- PROBLEM STATEMENT: Pull every line with "para" from the data below and copy it.

(Records from a collection)
----
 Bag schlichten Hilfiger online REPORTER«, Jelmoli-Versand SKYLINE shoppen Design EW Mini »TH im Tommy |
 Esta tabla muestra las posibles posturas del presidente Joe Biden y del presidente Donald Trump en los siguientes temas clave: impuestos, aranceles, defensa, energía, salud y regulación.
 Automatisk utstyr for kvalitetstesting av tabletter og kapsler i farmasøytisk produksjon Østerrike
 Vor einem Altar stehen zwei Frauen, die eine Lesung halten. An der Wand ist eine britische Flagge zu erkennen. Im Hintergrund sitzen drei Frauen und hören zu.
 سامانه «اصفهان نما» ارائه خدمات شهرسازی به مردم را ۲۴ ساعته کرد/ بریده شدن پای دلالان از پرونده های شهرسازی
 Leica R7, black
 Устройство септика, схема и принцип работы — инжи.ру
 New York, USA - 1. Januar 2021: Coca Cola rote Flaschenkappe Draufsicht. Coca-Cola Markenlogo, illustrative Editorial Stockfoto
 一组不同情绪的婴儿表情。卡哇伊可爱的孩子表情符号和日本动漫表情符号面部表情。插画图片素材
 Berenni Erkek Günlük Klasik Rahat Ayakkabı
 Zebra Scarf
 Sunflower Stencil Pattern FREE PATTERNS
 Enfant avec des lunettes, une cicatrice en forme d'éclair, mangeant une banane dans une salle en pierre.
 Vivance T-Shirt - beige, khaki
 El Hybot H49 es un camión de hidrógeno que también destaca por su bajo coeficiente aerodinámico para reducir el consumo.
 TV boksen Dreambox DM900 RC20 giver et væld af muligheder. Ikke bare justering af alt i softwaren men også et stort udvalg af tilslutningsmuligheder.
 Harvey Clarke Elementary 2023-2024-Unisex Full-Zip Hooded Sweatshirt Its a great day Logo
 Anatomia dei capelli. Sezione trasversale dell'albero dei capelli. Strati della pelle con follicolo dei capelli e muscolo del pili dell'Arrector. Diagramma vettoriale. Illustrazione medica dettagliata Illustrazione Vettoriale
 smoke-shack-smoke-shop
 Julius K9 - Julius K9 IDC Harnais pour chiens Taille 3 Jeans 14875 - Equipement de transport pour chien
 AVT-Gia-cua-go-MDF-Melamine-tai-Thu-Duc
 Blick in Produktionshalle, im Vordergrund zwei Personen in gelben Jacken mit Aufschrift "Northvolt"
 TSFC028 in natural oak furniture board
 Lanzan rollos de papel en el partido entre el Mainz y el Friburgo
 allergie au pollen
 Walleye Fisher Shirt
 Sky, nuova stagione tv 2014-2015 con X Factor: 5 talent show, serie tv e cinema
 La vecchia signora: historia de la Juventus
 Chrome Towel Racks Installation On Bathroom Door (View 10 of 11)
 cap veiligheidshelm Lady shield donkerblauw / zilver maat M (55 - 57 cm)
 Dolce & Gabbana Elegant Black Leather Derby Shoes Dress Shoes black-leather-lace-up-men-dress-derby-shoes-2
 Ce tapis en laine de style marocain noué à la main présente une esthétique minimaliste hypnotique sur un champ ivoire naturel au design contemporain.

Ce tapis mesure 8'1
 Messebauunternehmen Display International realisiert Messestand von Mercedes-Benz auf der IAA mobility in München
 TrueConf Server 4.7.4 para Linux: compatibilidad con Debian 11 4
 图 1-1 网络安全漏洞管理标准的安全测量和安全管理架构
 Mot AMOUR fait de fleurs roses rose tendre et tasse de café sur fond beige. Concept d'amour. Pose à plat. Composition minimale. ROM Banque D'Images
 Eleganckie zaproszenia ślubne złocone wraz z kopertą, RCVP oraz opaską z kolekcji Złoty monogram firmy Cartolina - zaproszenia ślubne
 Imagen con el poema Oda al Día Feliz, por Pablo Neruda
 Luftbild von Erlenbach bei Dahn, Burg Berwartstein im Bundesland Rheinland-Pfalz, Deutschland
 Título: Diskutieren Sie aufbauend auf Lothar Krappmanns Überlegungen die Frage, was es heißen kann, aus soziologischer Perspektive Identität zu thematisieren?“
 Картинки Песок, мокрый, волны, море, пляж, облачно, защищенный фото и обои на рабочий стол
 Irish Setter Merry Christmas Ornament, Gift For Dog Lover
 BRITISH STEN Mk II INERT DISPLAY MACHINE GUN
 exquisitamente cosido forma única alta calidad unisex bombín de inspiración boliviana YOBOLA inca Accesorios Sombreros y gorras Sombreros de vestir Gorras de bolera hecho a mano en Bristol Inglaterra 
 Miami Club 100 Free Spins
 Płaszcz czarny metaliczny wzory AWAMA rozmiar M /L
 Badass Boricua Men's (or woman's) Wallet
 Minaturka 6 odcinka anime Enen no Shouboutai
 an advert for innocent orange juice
----
- OUTPUT OF THE EXERCISE:
 El Hybot H49 es un camión de hidrógeno que también destaca por su bajo coeficiente aerodinámico para reducir el consumo.
 TrueConf Server 4.7.4 para Linux: compatibilidad con Debian 11 4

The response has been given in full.